-- Task prompt --
Pictures in the entries below are excluded; copy only the lines from the one containing "Perspective Client –" to the one containing "r ckansicht und", both included.
START Available records
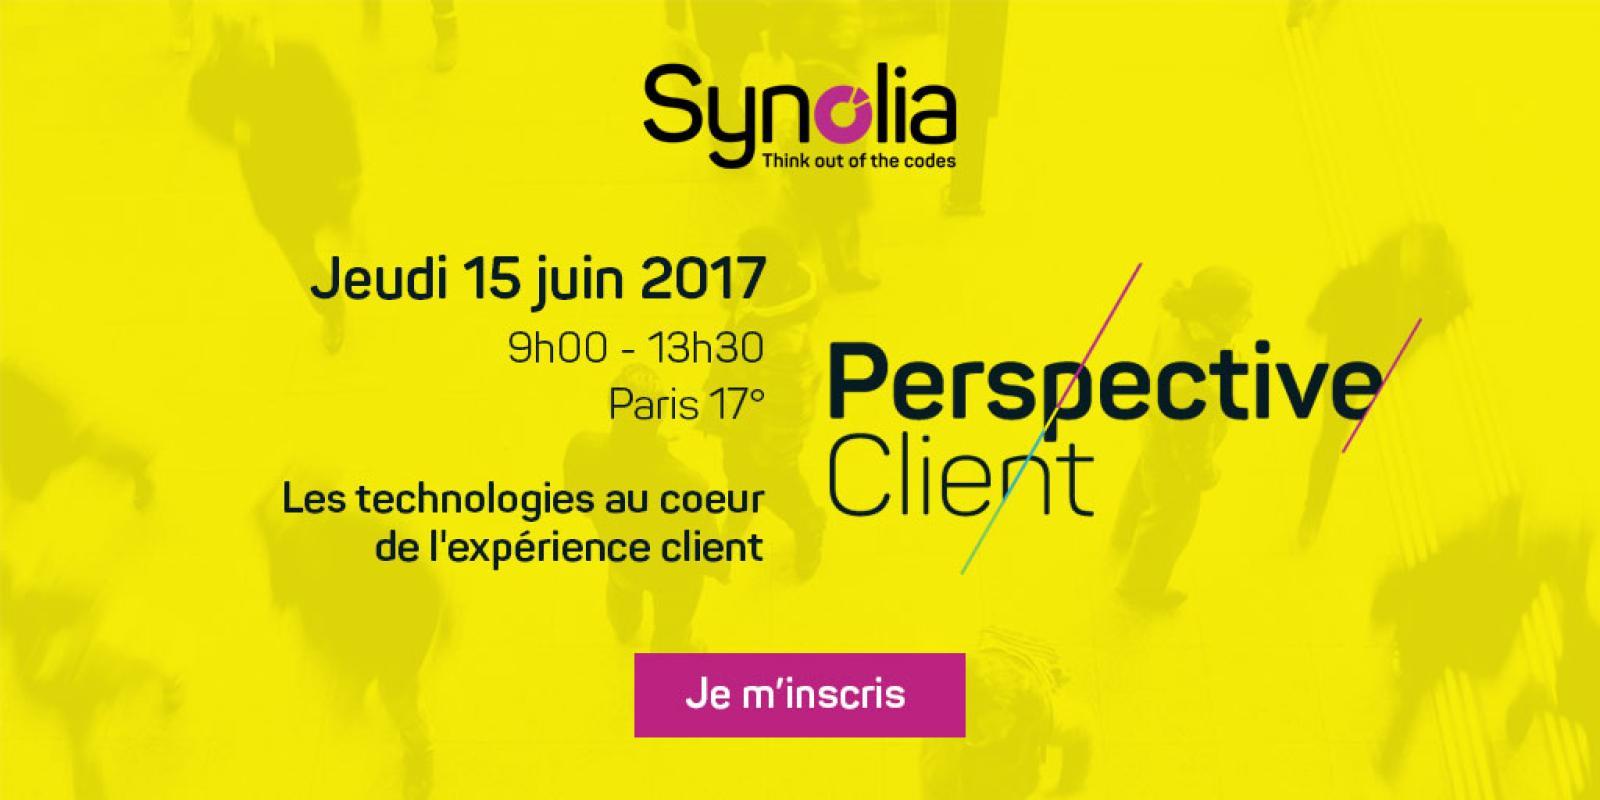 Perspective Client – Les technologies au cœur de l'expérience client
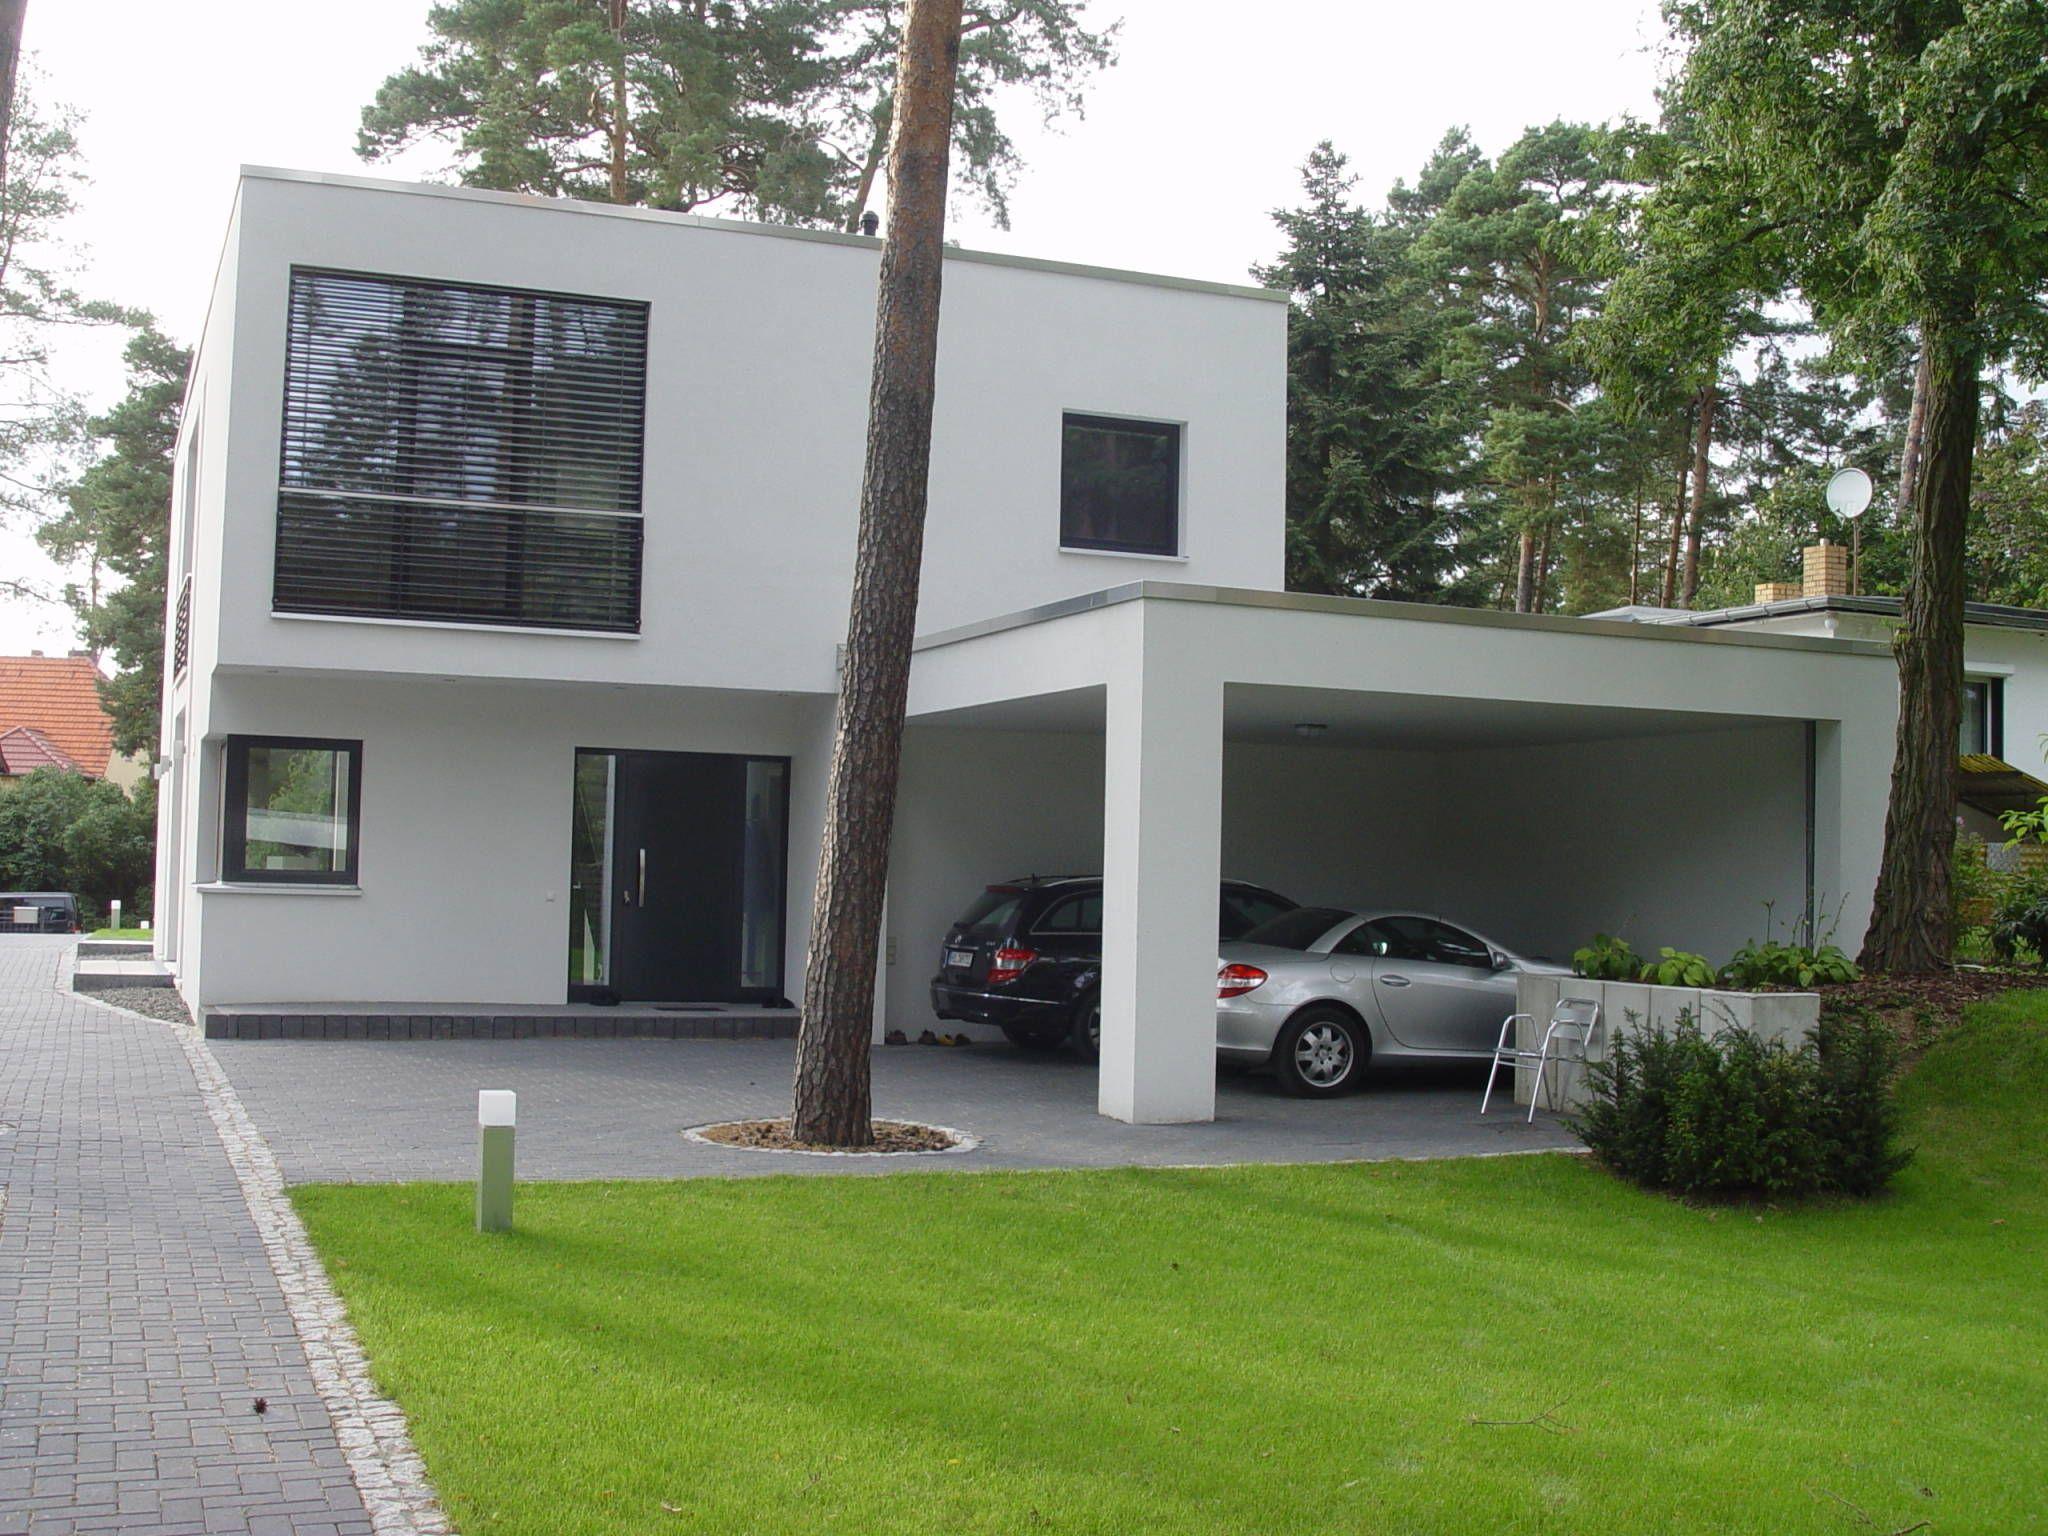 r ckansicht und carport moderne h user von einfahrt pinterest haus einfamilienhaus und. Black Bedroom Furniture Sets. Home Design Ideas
END Available records
START Available records
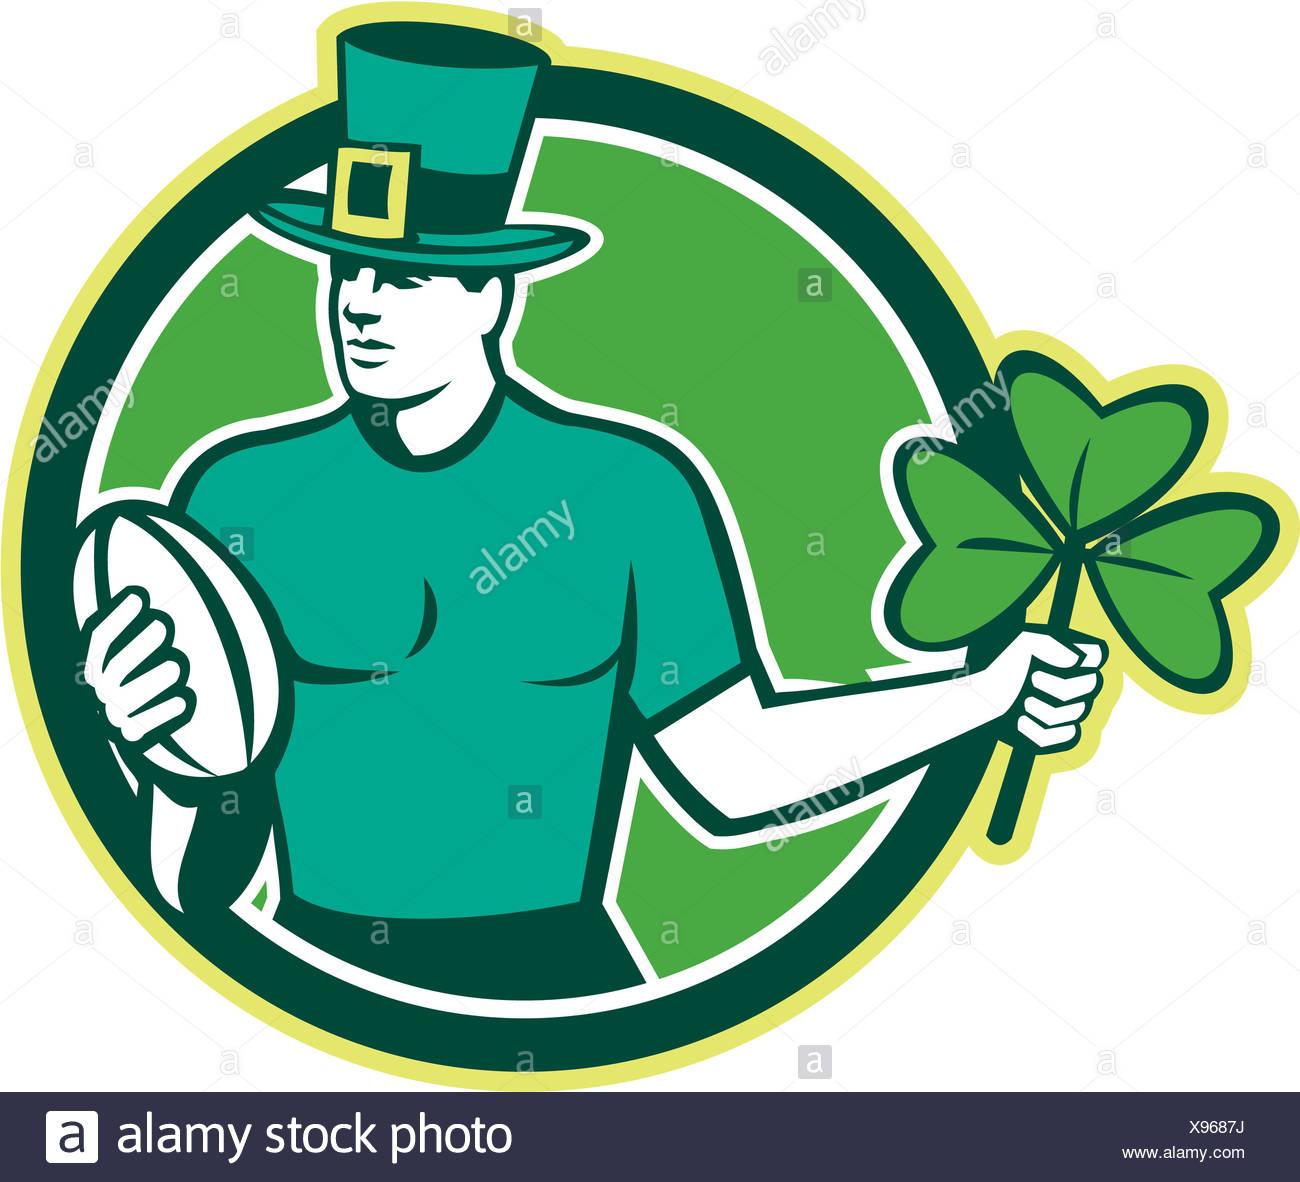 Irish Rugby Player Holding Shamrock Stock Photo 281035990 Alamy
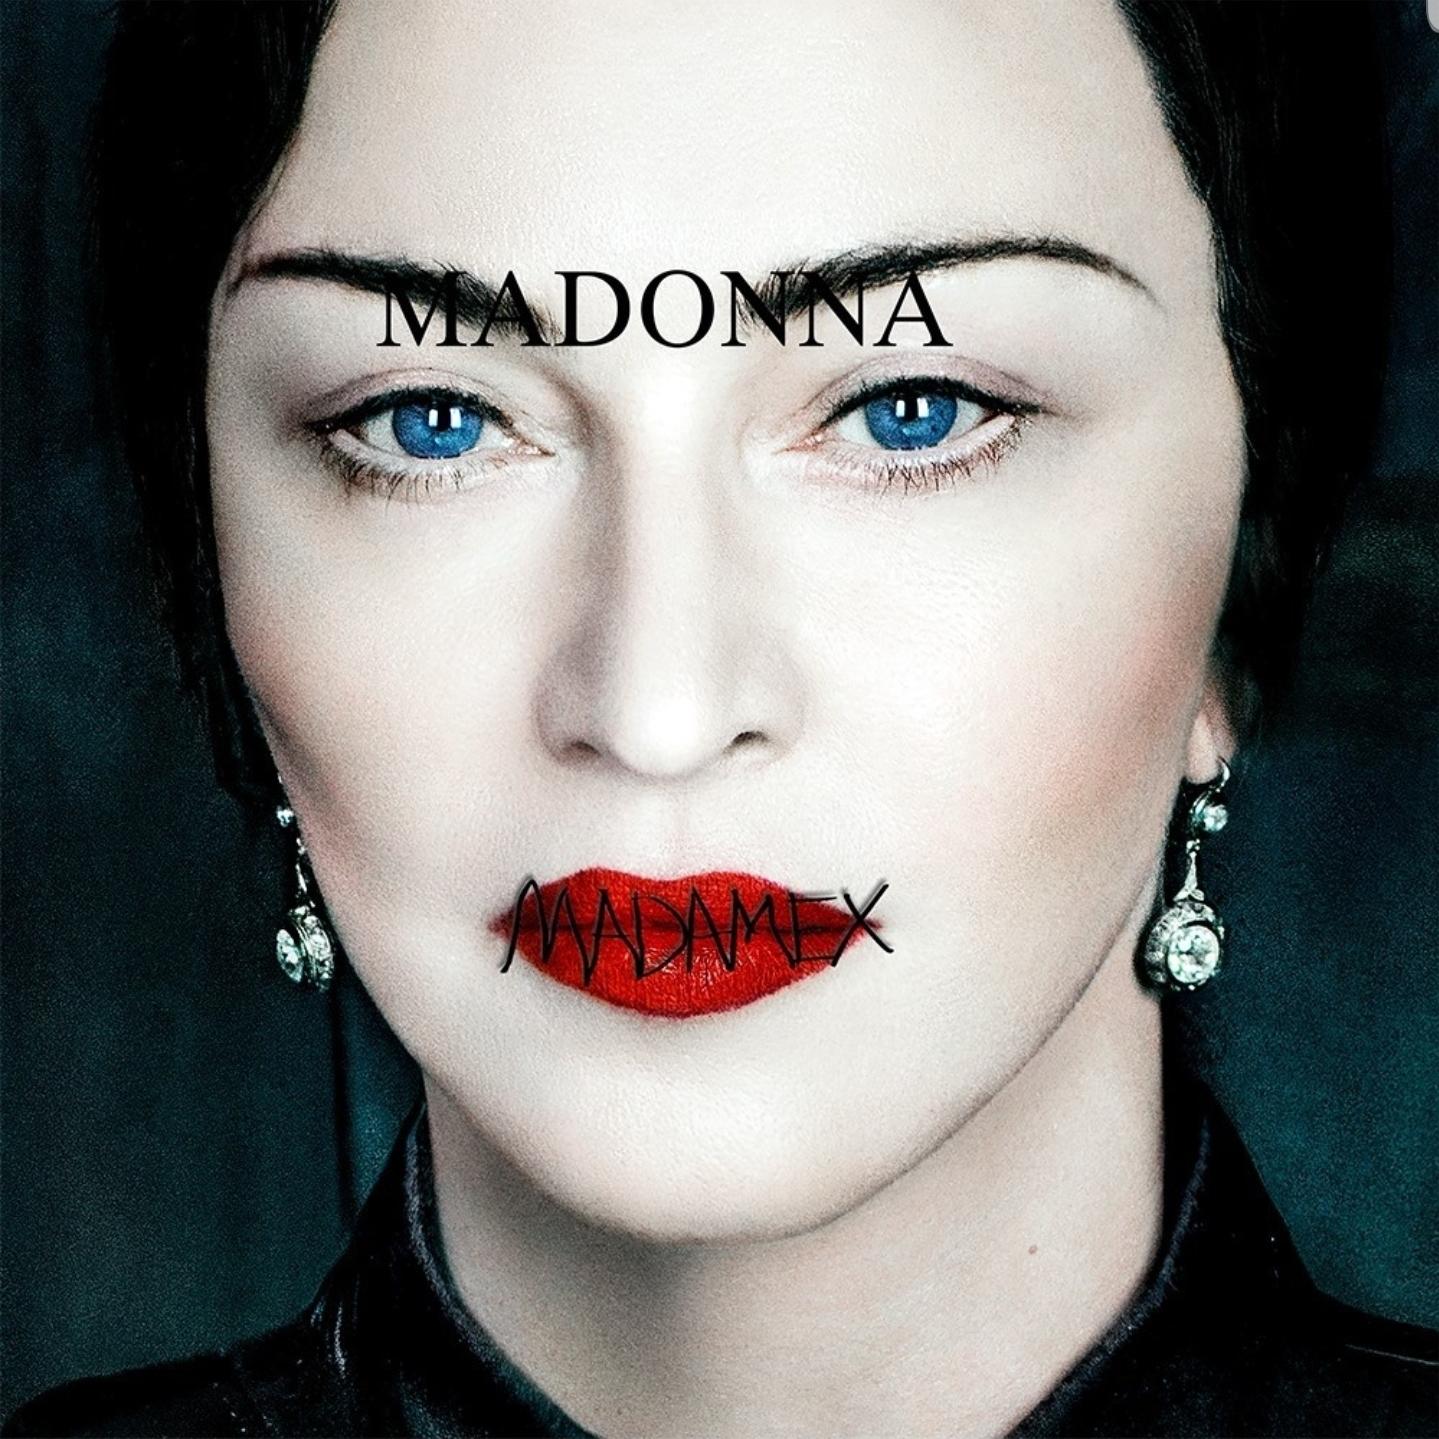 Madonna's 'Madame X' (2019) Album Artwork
END Available records
START Available records
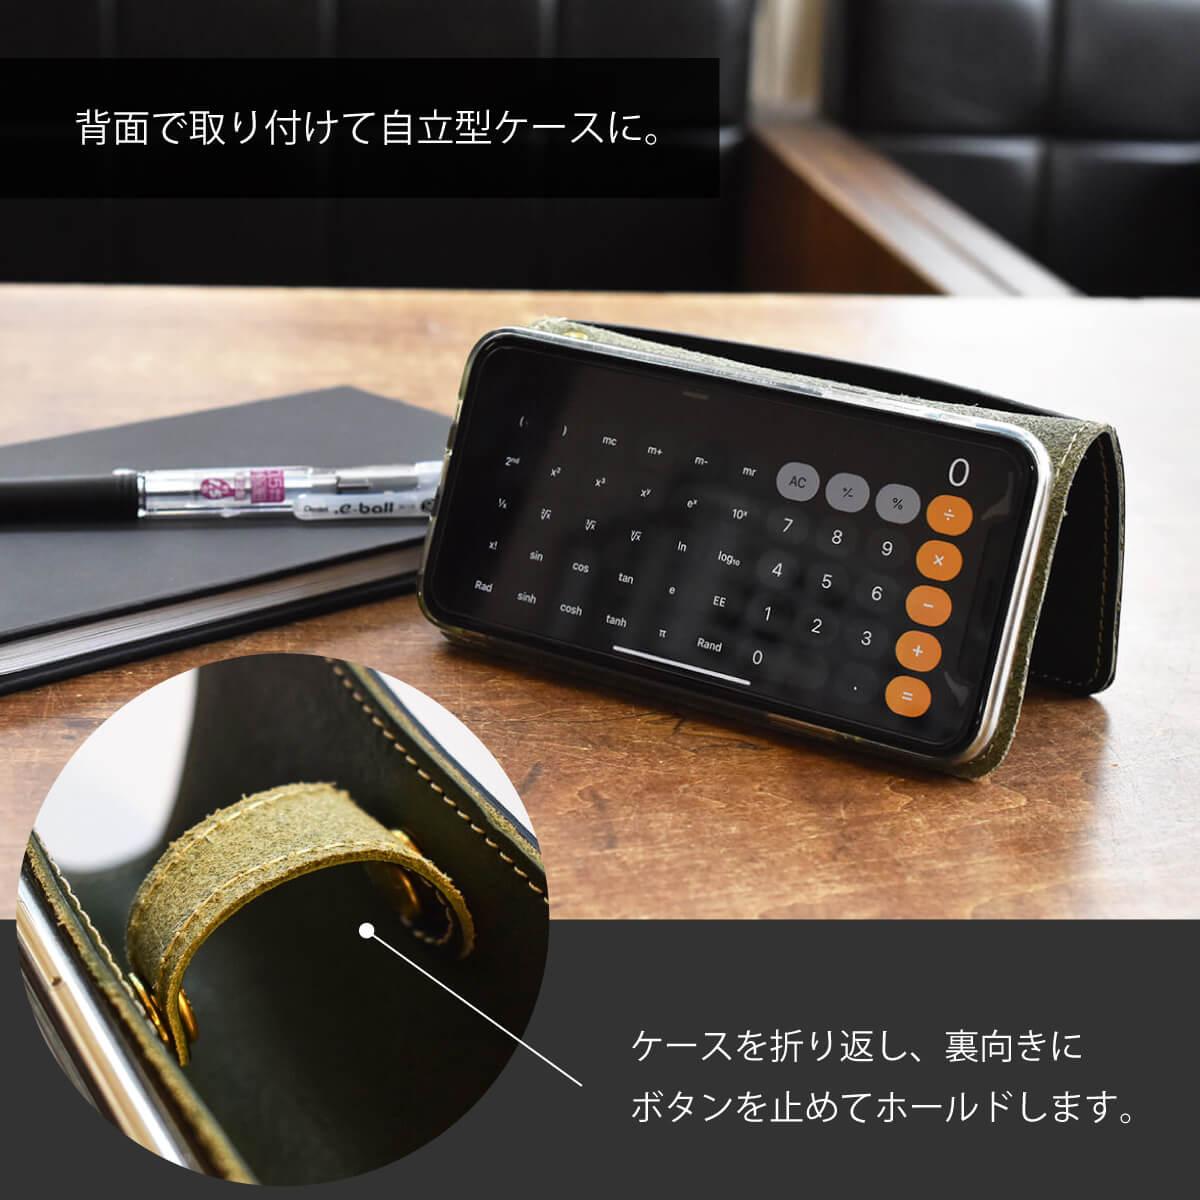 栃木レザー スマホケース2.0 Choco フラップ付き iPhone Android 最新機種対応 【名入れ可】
END Available records
-- Result of this exercise --
 Perspective Client – Les technologies au cœur de l'expérience client
 r ckansicht und carport moderne h user von einfahrt pinterest haus einfamilienhaus und. Black Bedroom Furniture Sets. Home Design Ideas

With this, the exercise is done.